With the Guideline published, it felt an appropriate time to reflect on the process and to consider the challenges and opportunity writing for publication presents.

  •           Keeping momentum

From start to finish, I have been working on this piece of research for four years and whilst I have really enjoyed it, it has been difficult to keep momentum, alongside balancing the demands of work and starting a new job. Timely emails from the SLA, support from colleagues and new found enthusiasm when working with case study contributors all helped to keep the project on track. It sounds obvious but breaking up the task into smaller manageable chunks and asking for feedback along the way also helped with motivation and focus. Unsurprisingly, the Guideline is written remotely and there's very little opportunity for face to face interaction, although chats on the phone and clear feedback by email were all helpful and kept the project moving forward.

  • Being all things to all people

I was aware that the basis for this Guideline was my MA dissertation and writing for academic study is a world away from writing a practical guideline designed to help the day to day work of fellow librarians. Establishing my own voice in the publication and gauging the tone was something I initially found difficult. Fortunately, Geoff brings many years of experience to the writing process and offered guidance to ensure the publication meets the needs and expectations of our intended authorship.

  • Taking a step back

As is the case with any piece of work of this kind you can certainly get too attached and fail at times to see the wood for the trees. It might be the case that you fail to explain terminology correctly or to give sufficient context to an example simply because to you it feels obvious. Having people who aren't familiar with the project read your work and cast an eye over the text is invaluable.

  • Keeping the conversation open and ongoing feedback

In many ways related to the above point, I appreciated feedback from a whole range of readers, including those not involved in librarianship. My head teacher, a former colleague working in IT, my previous line manager, the editorial team at the SLA and of course my long suffering parents all contributed to the final draft. Recognising their skills, interest and expertise added a richness to the text and I hope created a Guideline with breadth and variety as we all know that working in a school requires a whole team of people to be on board and support our work.

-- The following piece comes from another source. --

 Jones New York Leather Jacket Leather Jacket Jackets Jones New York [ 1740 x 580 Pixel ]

  • Transferring your vision to other contributors (for me, case study contributors)

I think when you embark on a project like this, informed by your own day to day work and primary research, you have a clear vision of the structure of the Guideline and how it fits together. It was my responsibility to communicate this effectively to my case study contributors and for them to have a good overview of how the publication would look and feel without burdening them with information overload. In the first instance I sent them a one side plan and contents page and then, responding to their request for more information, I sent them a draft so they were able to see how the publication would fit together. In the initial planning stages I had considered devising a proforma for the contributors so they had a consistent structure but on reflection I recognised that each one was different in their scope and it was better to give the authors as much autonomy as possible in the writing process.

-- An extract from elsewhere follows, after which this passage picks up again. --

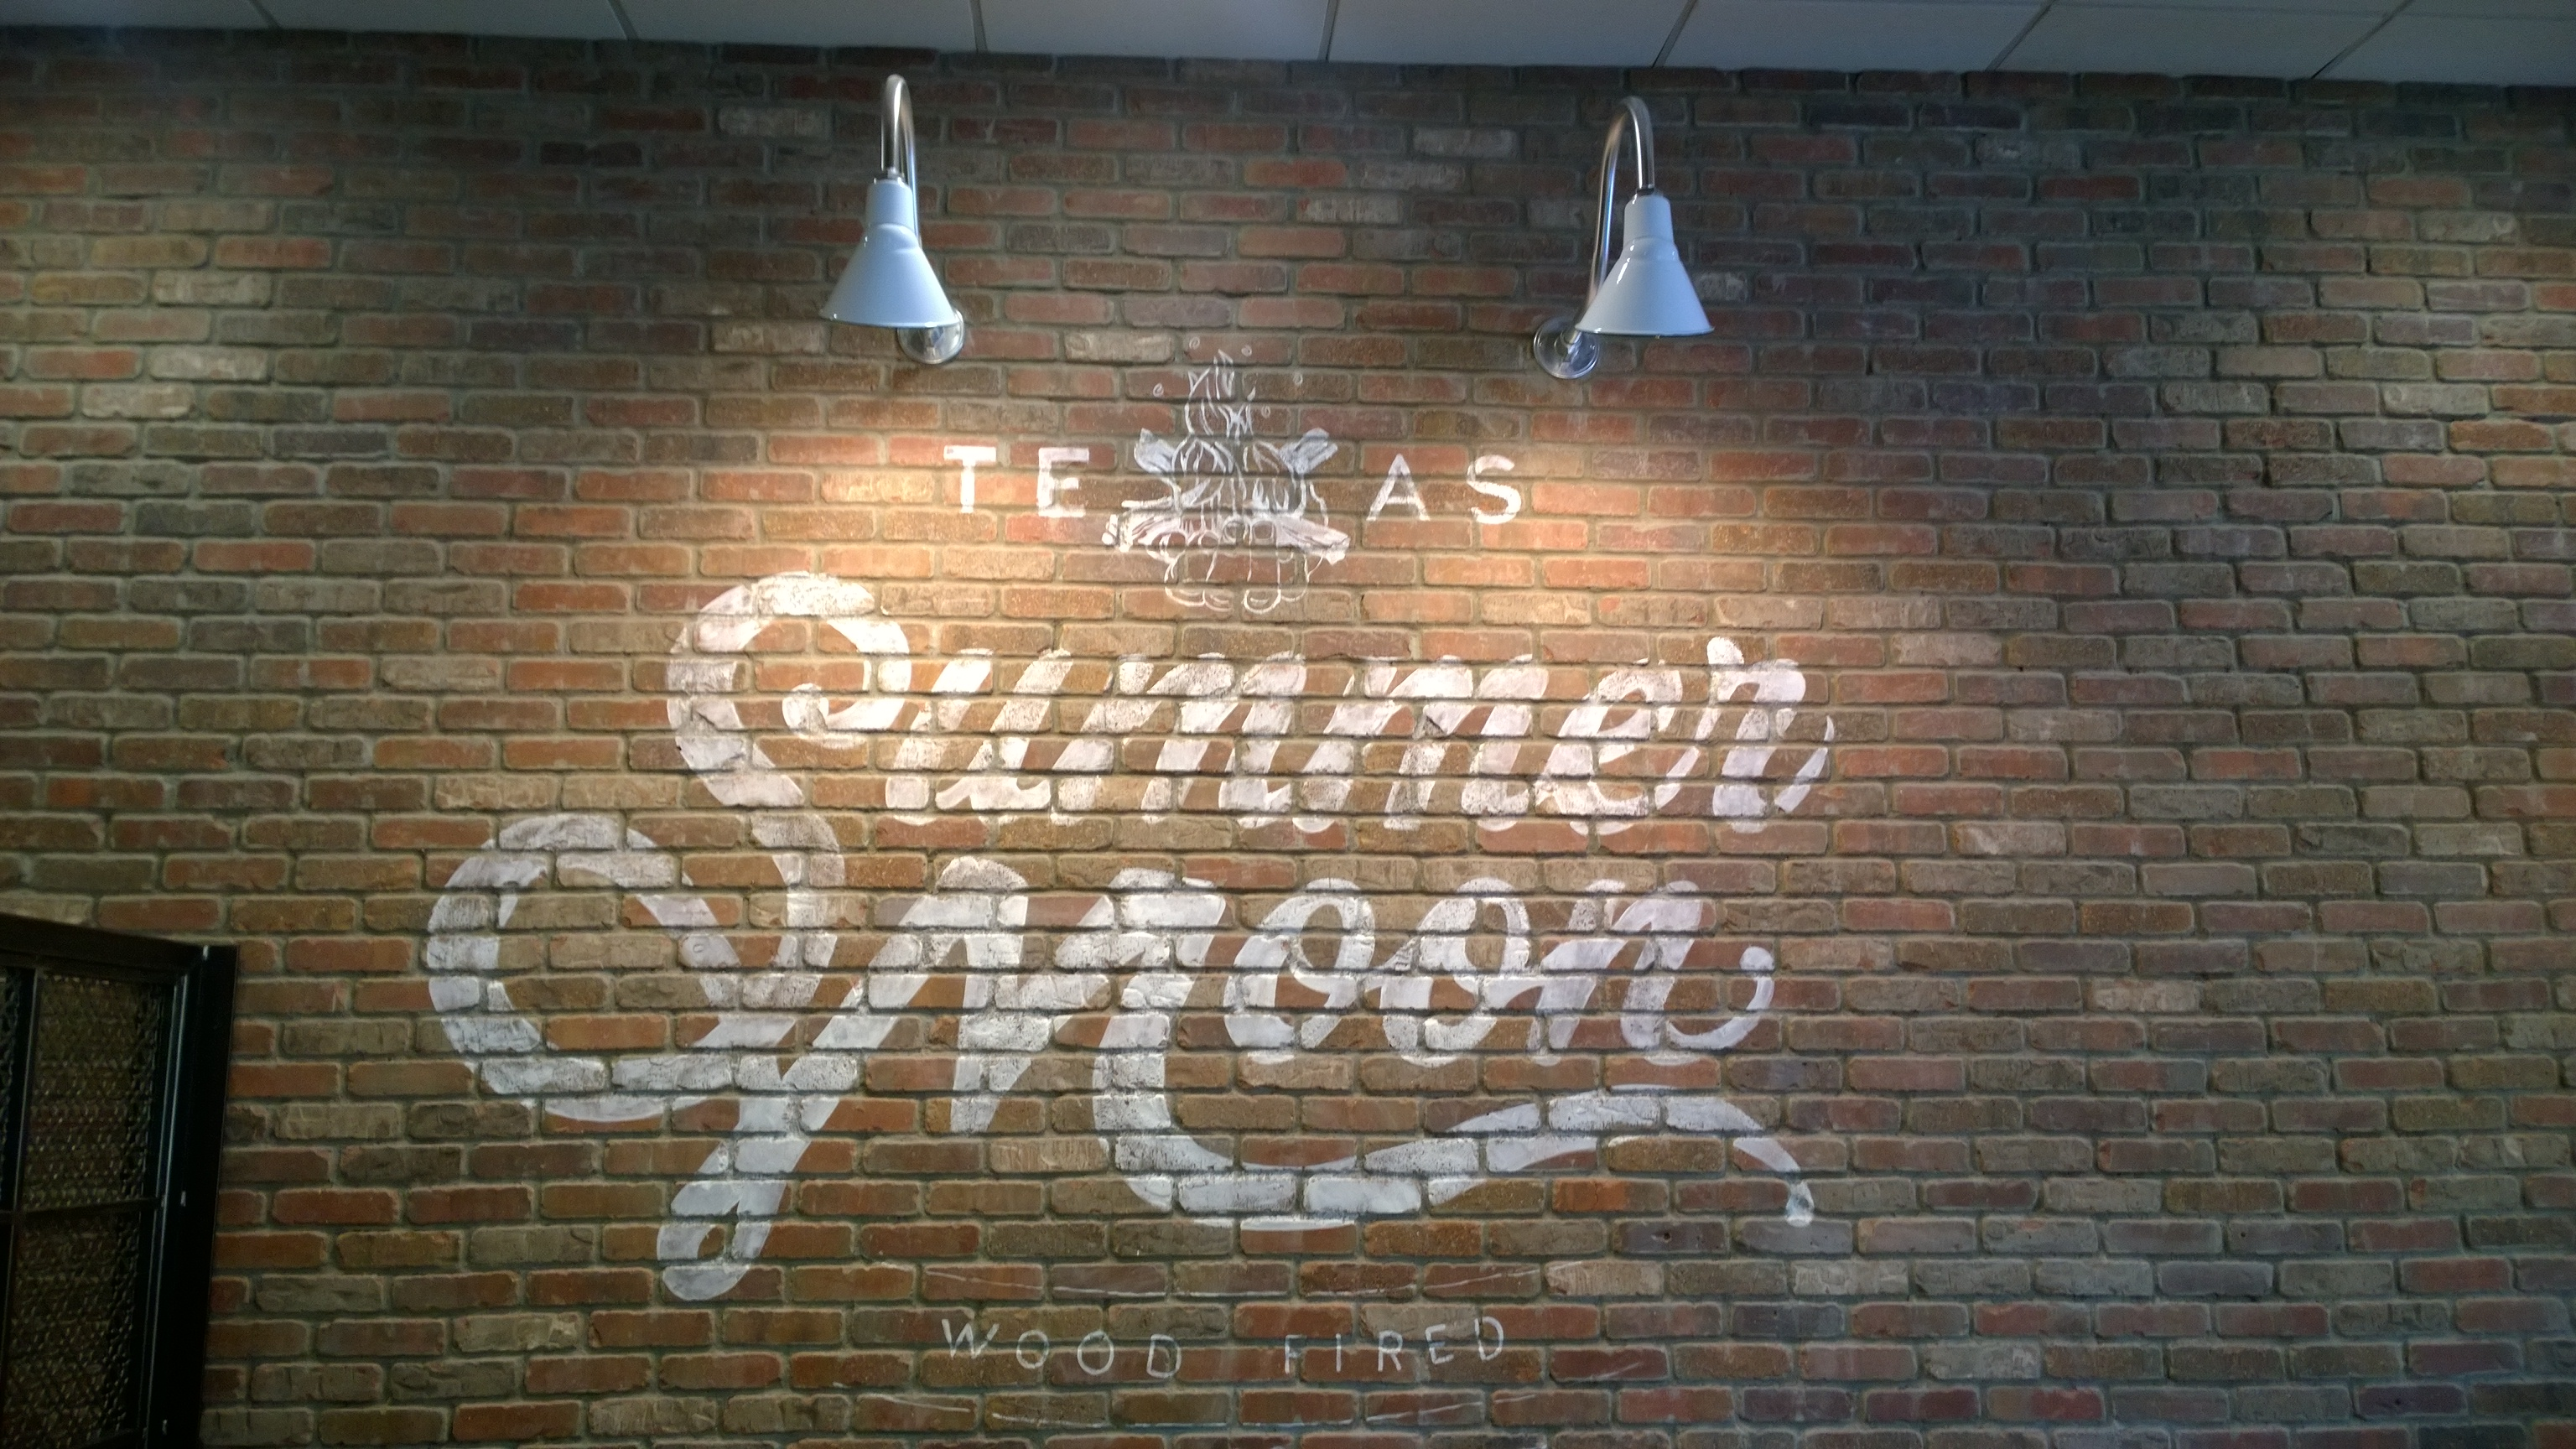 Summer Moon on 620 Sign on Brick

I have thoroughly enjoyed writing the Guideline and very much hope it is of use to fellow librarians. There is some truly amazing and inspiring work going on in schools (one only has to read articles in the School Librarian or threads on SLN or posts on Heart of the School) and I would encourage anyone toying with the idea of publication to jump in and have a go. It has been a very rewarding process, I've learnt a huge amount along the way and I've hopefully produced something that is useful to others! My sincere thanks to the SLA for suggesting and supporting this Guideline and to all my colleagues and friends who have made it possible.